INSTRUCTIONS TO FOLLOW
Start at the line below containing "Gesetzblatt (GBl.) der" and stop at the line containing "Baker & Baker". Repeat every line of that stretch exactly, and nothing outside it.

SUPPLIED INFORMATION
=== Section Start ===
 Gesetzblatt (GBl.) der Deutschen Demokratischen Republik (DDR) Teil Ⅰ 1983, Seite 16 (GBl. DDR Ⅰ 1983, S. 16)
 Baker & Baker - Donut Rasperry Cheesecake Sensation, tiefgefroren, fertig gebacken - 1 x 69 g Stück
=== Section End ===
=== Section Start ===
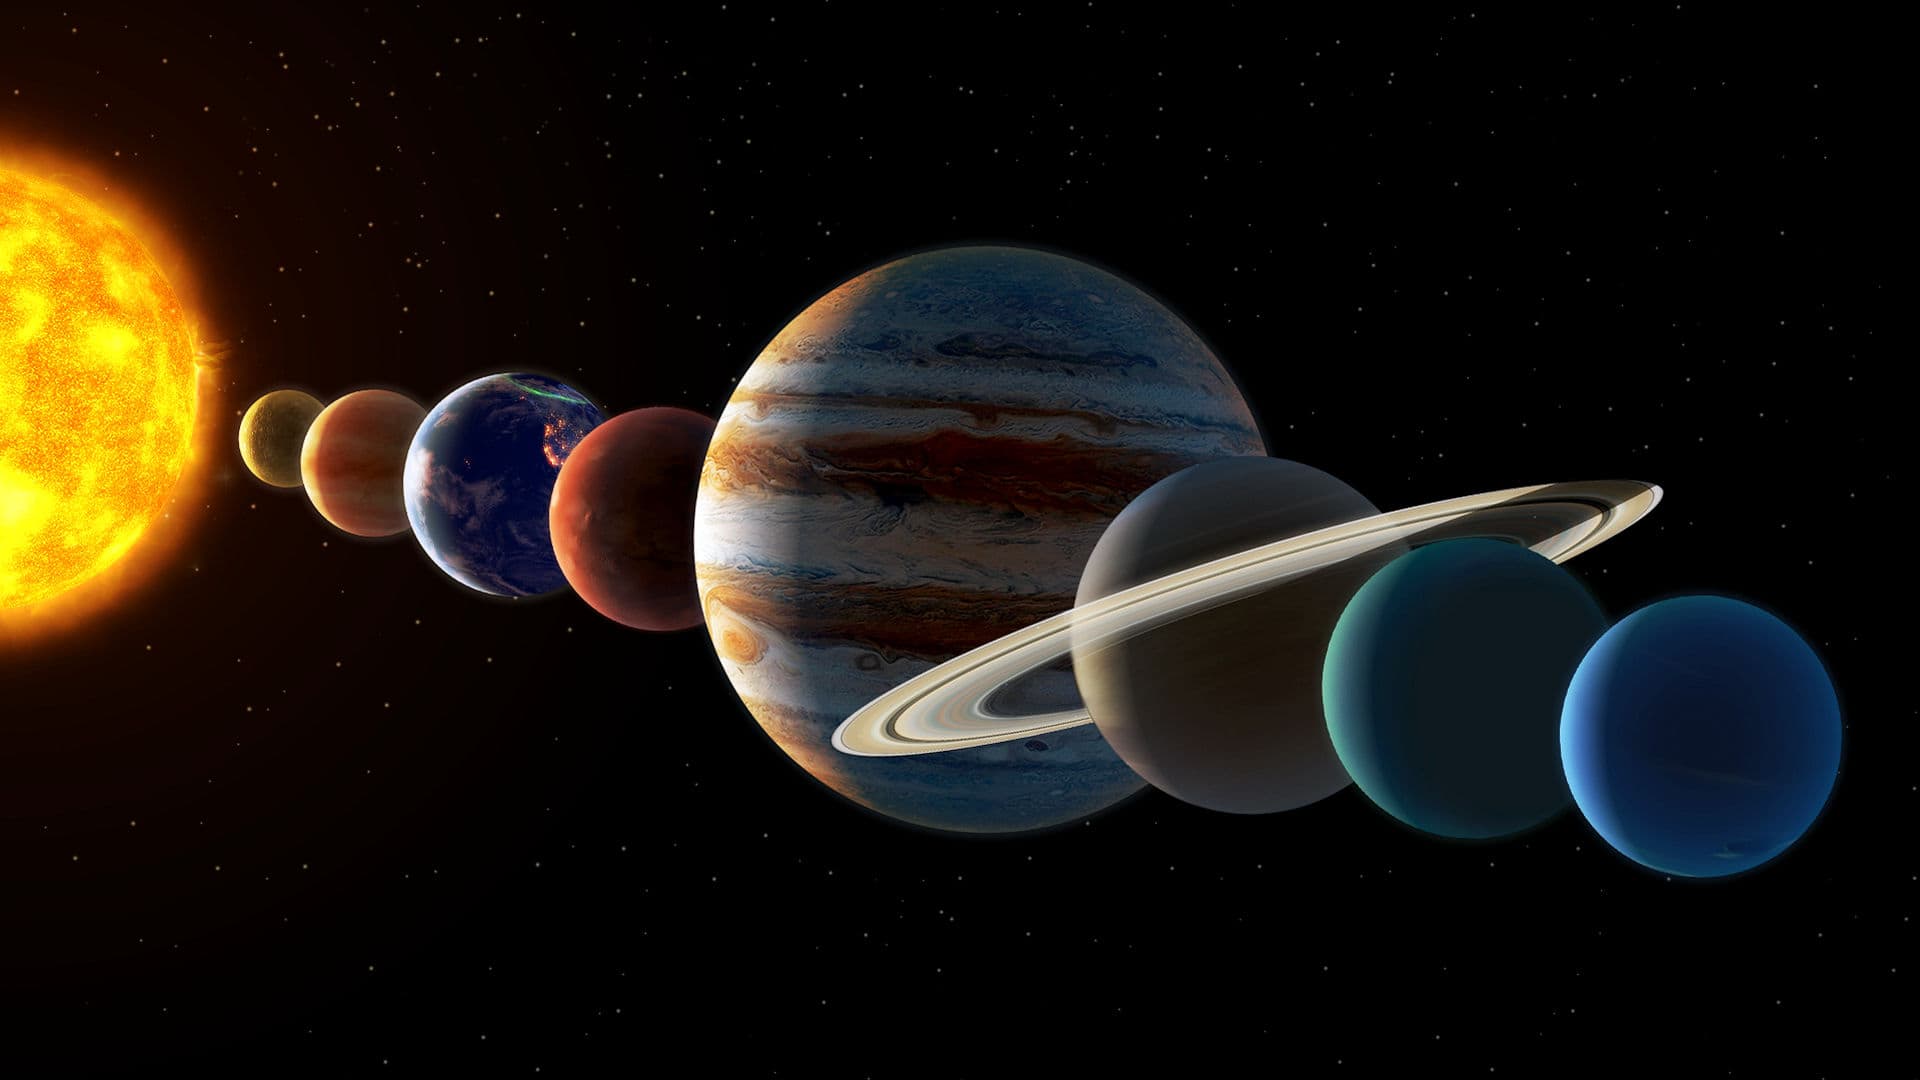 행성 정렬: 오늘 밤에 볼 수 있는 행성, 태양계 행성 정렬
=== Section End ===
=== Section Start ===
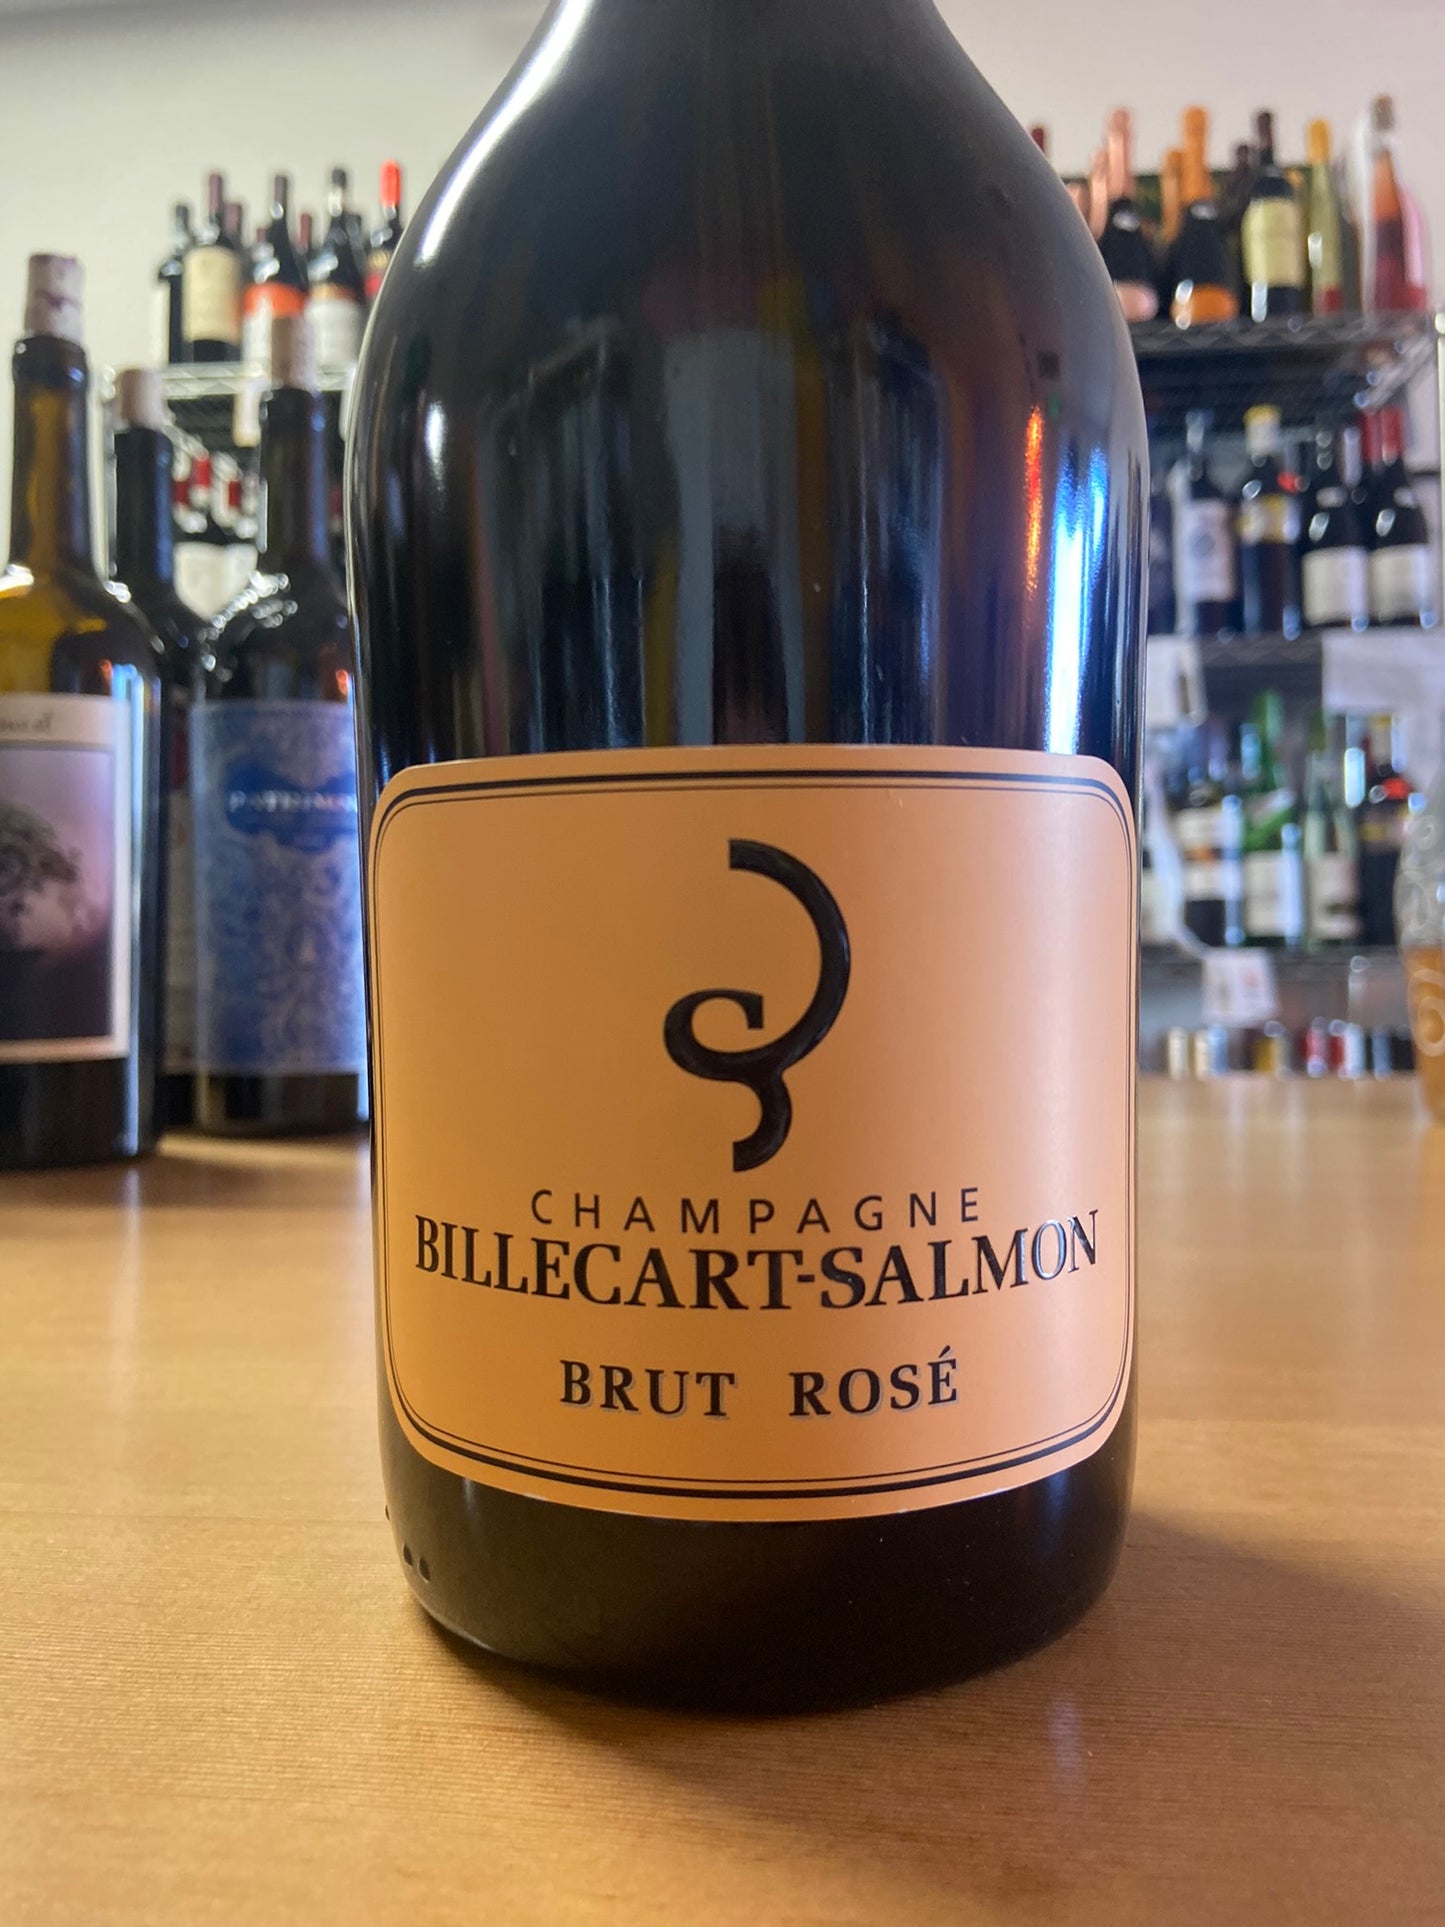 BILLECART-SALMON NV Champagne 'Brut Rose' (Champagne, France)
=== Section End ===
RESPONSE TO THIS EXERCISE
 Gesetzblatt (GBl.) der Deutschen Demokratischen Republik (DDR) Teil Ⅰ 1983, Seite 16 (GBl. DDR Ⅰ 1983, S. 16)
 Baker & Baker - Donut Rasperry Cheesecake Sensation, tiefgefroren, fertig gebacken - 1 x 69 g Stück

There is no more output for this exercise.